Oreste sonrió con torpeza.

—A esta altura puede salir cualquier cosa.

—Mira, yo lucharé de rodillas con una mano, la que quieras, sujeta a esa piedra —señaló una piedra con una cadena y un grillete, al lado de una maleta, en la cual, sin duda, Carpoforo guardaba la ropa de paisano—, y tú podrás emplear toda clase de presas, aun las más depravadas, igual que en la lucha griega, como retorcer los brazos a más de noventa grados, hundir la rodilla en la barriga, tirar de los huevos, torcer los dedos de los pies, la presa de garganta, la corbata y cualquier otra cabronada.

—Menos todavía, señor maestro. Tengo en muy alta veneración tan noble arte como para permitirme siquiera semejantes pensamientos.

—Hay peores degenerados.

—Es un signo de los tiempos.

—¡Tú lo has dicho! Pero si no hago así me muero de hambre. Es mi problema. Soy de «octava categoría», es decir, debo mantener lo menos 89 kilos.

—Comprendo.

—Y con todo me paso la mayor parte del día aquí arriba.

—¿No te aburres?

—Veo pasar el mundo.

—No se me hubiese ocurrido.

—Ayer, por ejemplo, te vi pasar a ti con ese loco. ¿Quién es?
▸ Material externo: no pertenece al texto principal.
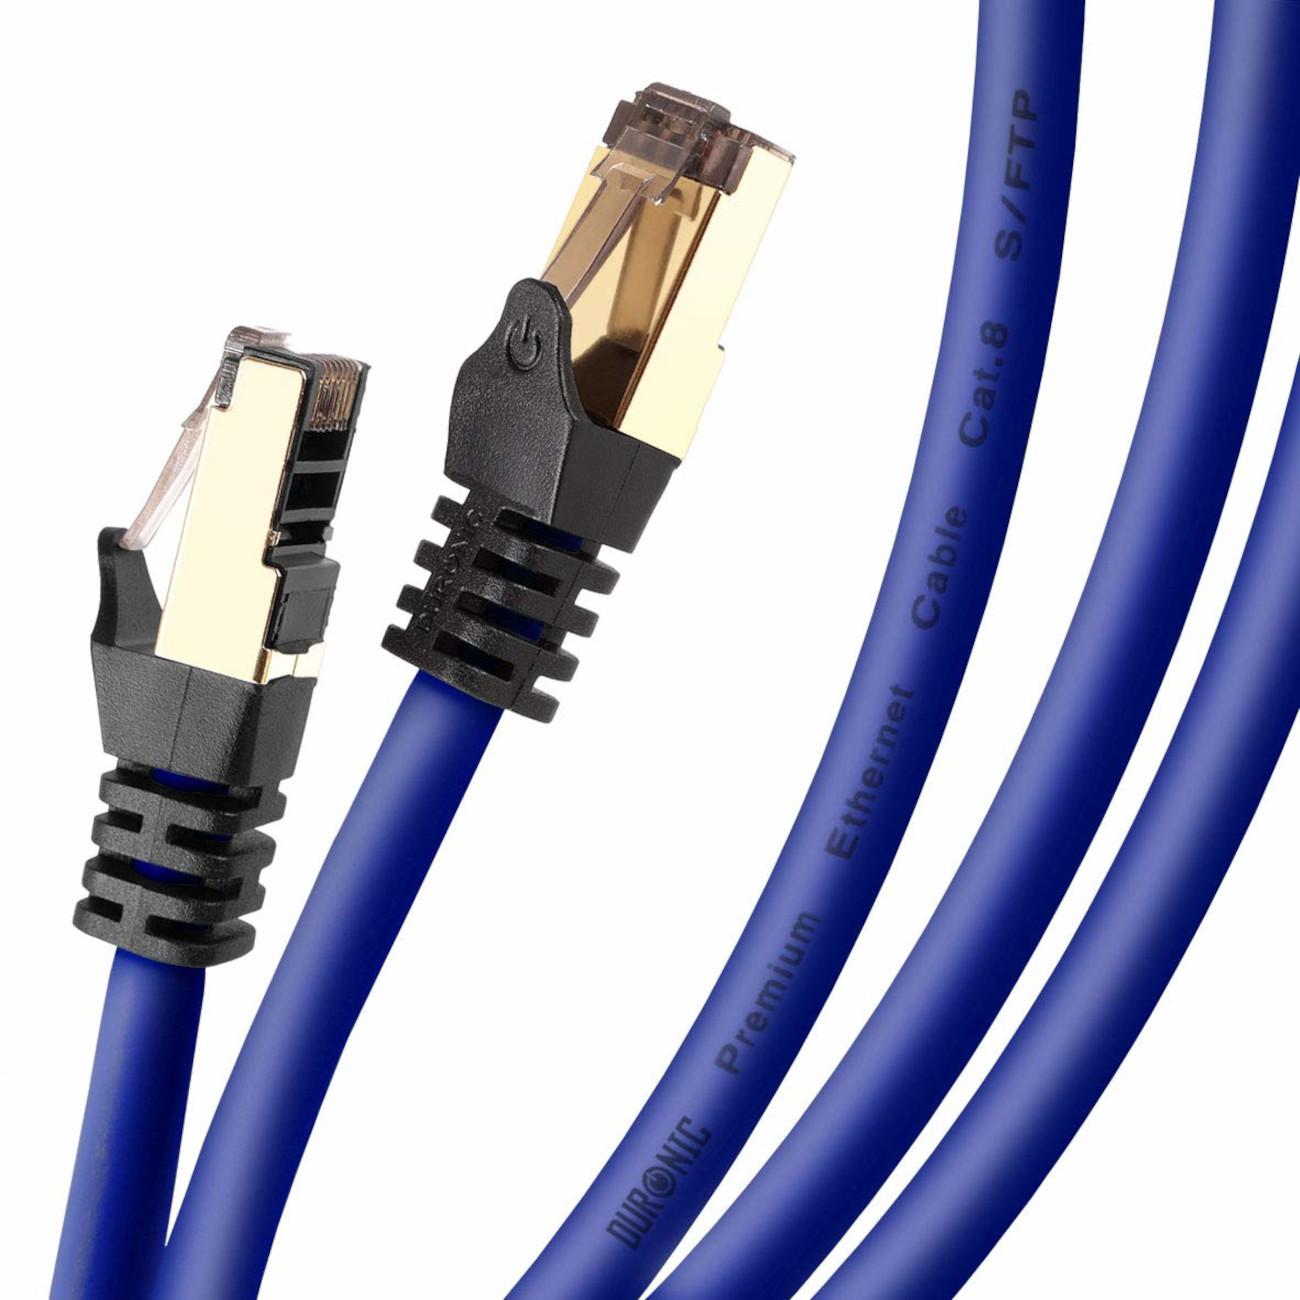 CAT8 MB/s m Lankabel Ethernetkabel | 3 Patchkabel | Konsole, RJ45 DURONIC Router 3m und Netzwerkkabel, BE für | 5.000

—¡El Príncipe Patagón! —respondió Oreste con orgullo.

Carpoforo meneó la cabeza.

—Conocí al Rey de Titania, que era temible por su «tijera de cabeza», y al Príncipe Etragov, campeonísimo de «greco», discípulo del gran Pons, aunque medio estrafalario, pero nunca oí del que tú dices.

—Es un Príncipe Mago.

—No es mi especialidad. ¿Y qué haces tú con él?

—¿Jamás has oído hablar del gran Circo del Arca?

Carpoforo pensó un poco.

—No, francamente.

—¿En qué mundo vives?

—Me paso el día aquí arriba, te dije.

—A propósito, ¿por qué no bajas y así podemos charlar con más comodidad?

Carpoforo lo miró con su terrible mirada de «octava categoría», pero esta vez Oreste la aguantó sin desviar los ojos.

—Tú te traes algo. Dilo de una vez. ¿O prefieres que se lo pregunte a la gitana? Debe estar en mi mano.